--- START ---

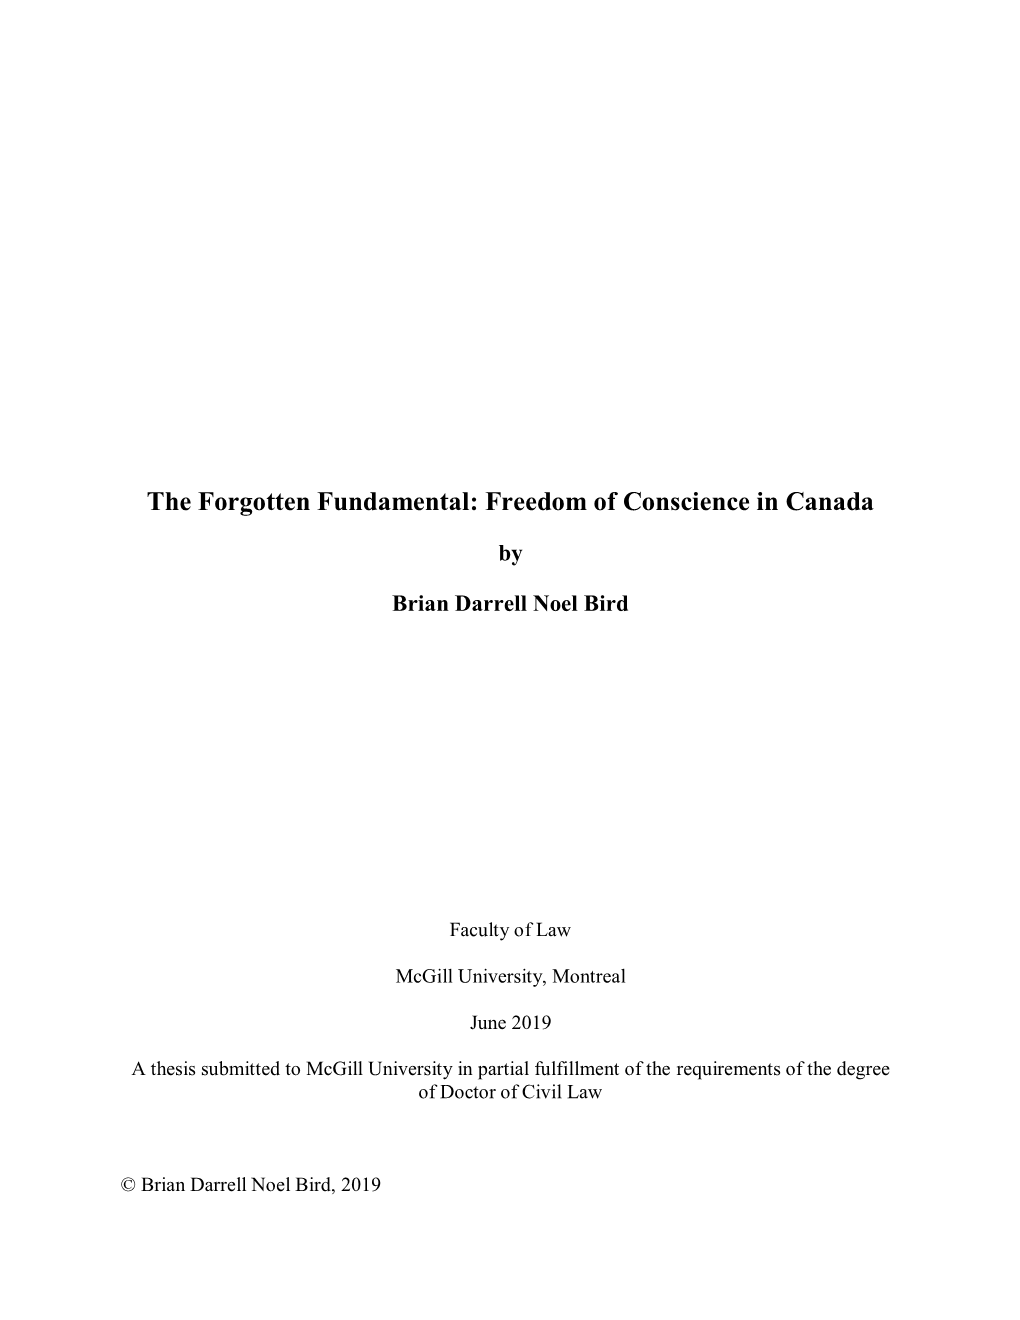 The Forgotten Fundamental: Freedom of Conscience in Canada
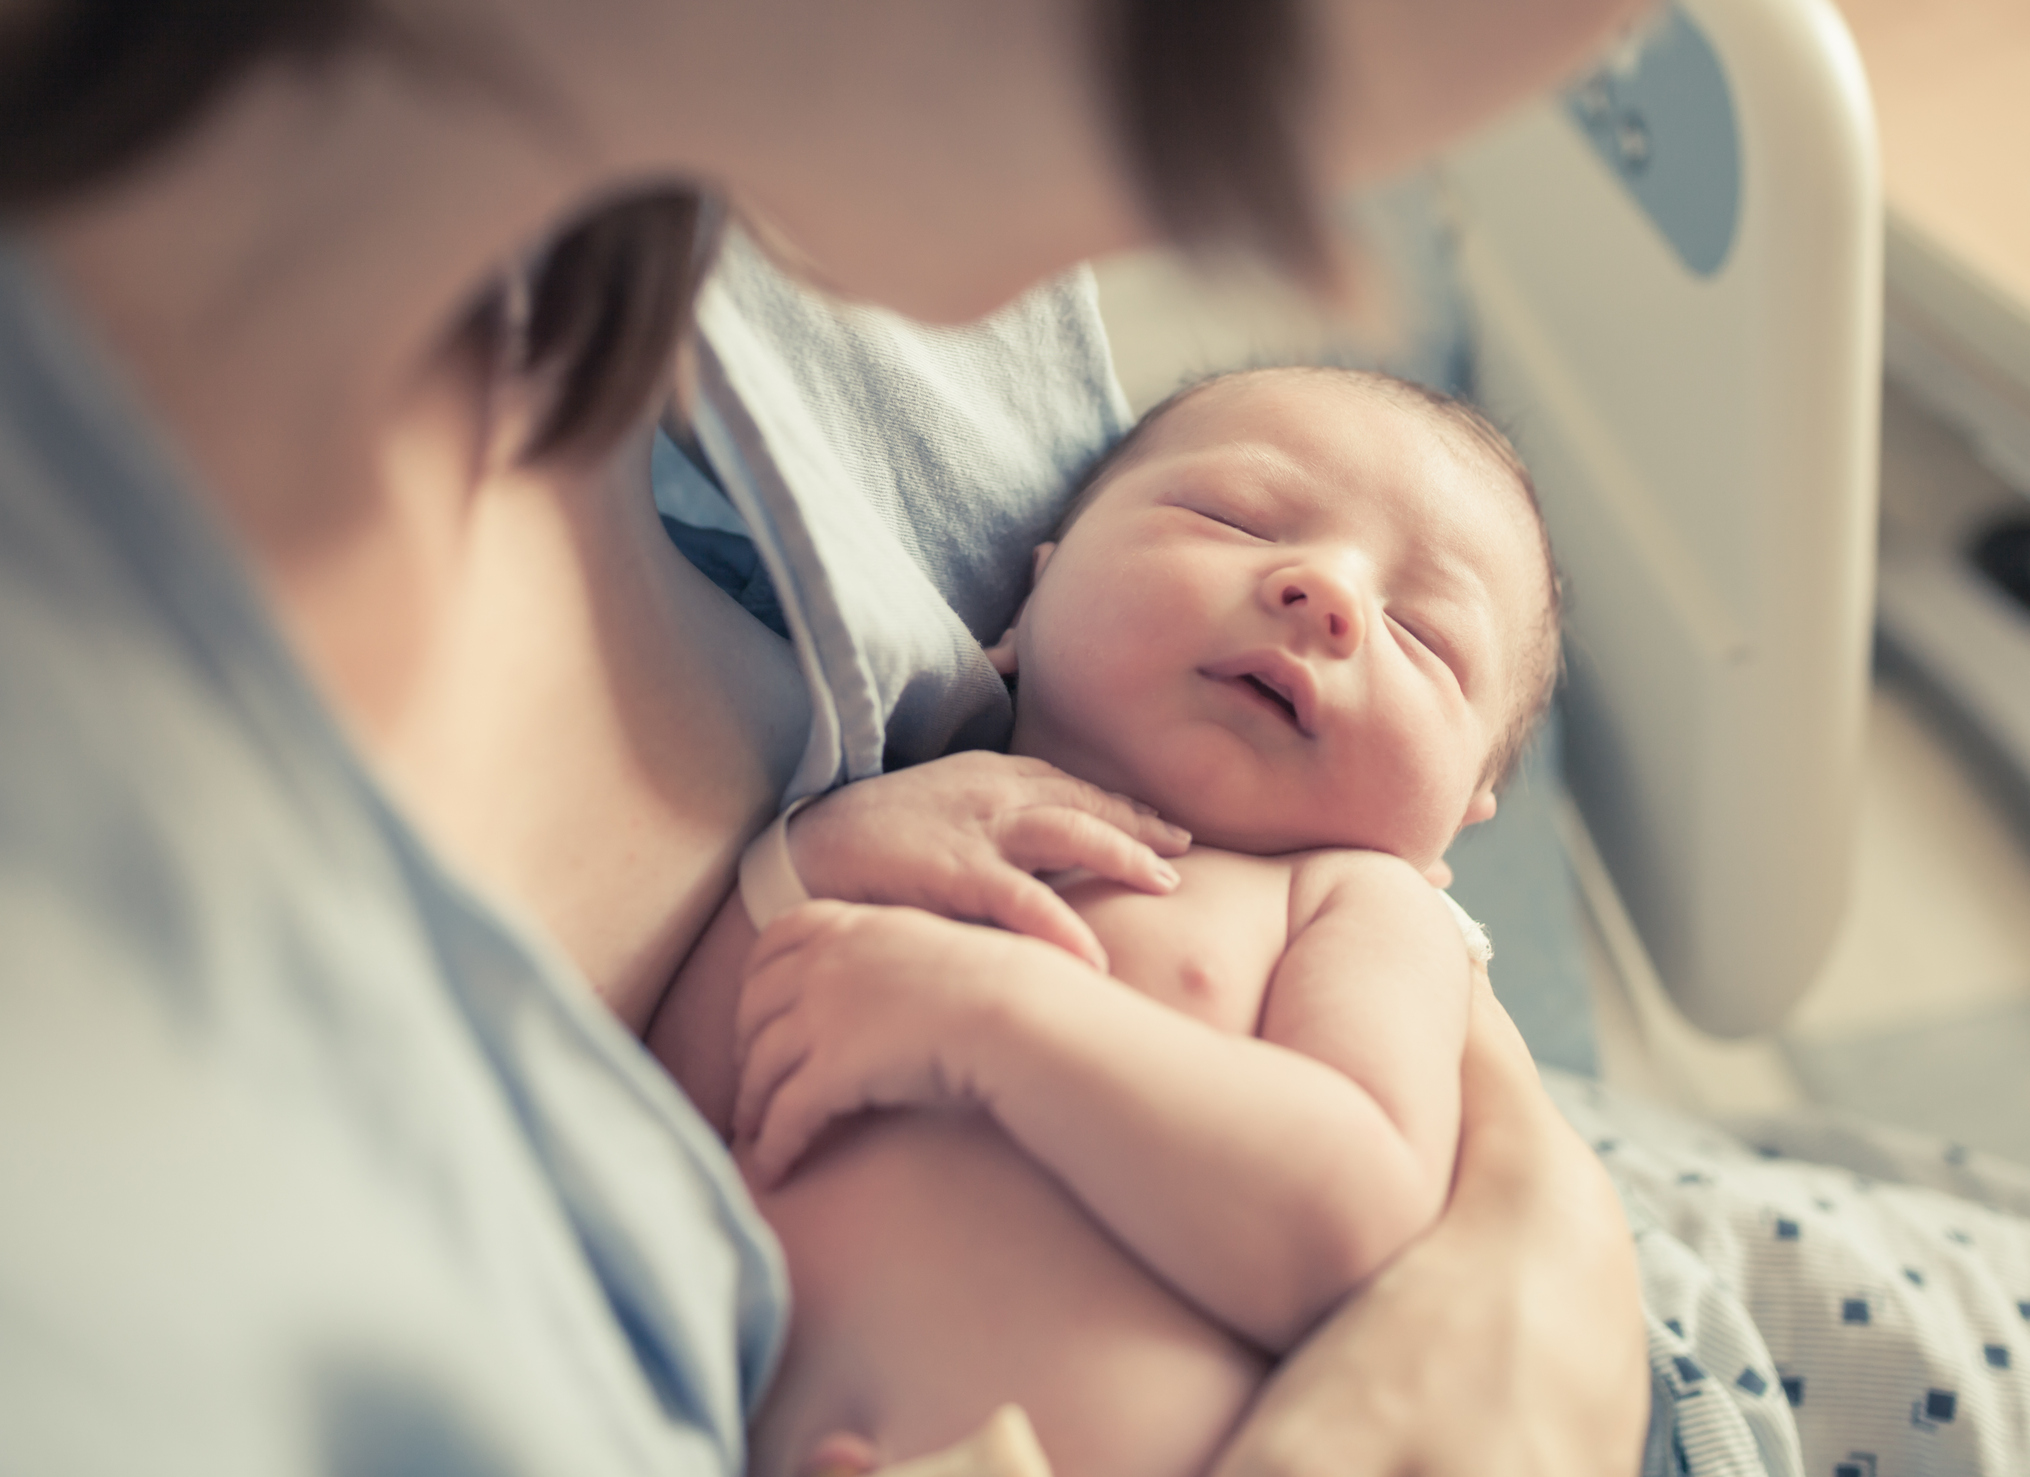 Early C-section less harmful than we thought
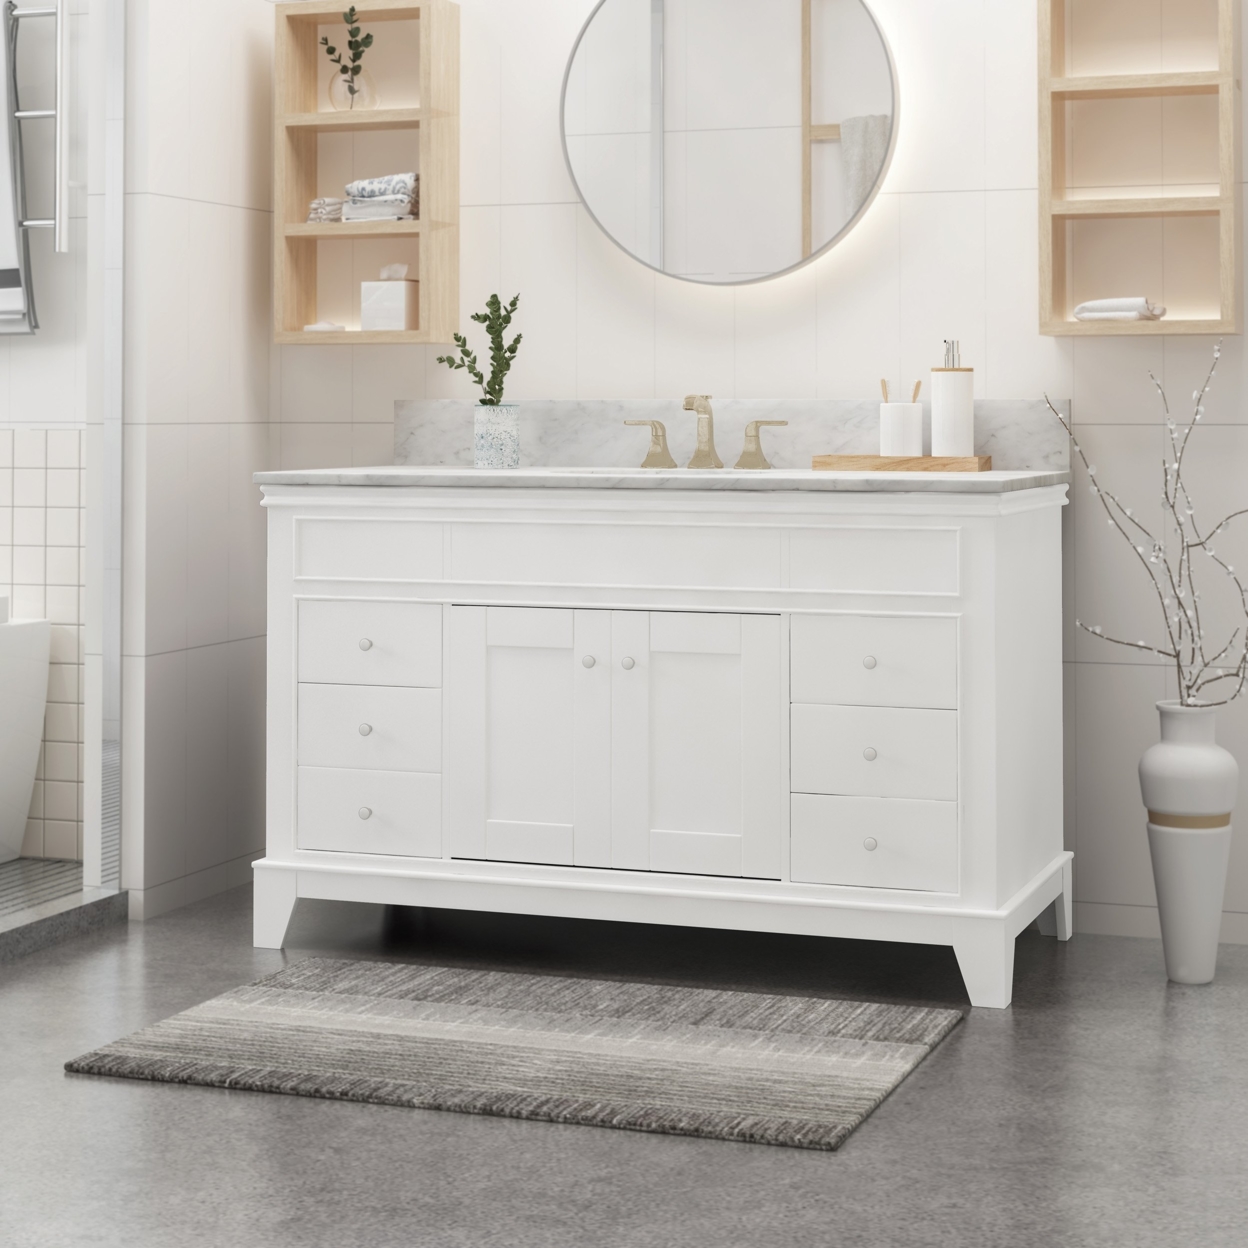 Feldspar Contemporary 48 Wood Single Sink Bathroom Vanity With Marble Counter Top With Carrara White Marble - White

--- END ---

- Problem requirements: Line by line and exactly, reproduce the span from the line with "Early C-section less harmful than we thought" through the end of the data above, both ends included, with pictures left out.

- Solution to the exercise:
 Early C-section less harmful than we thought
 Feldspar Contemporary 48 Wood Single Sink Bathroom Vanity With Marble Counter Top With Carrara White Marble - White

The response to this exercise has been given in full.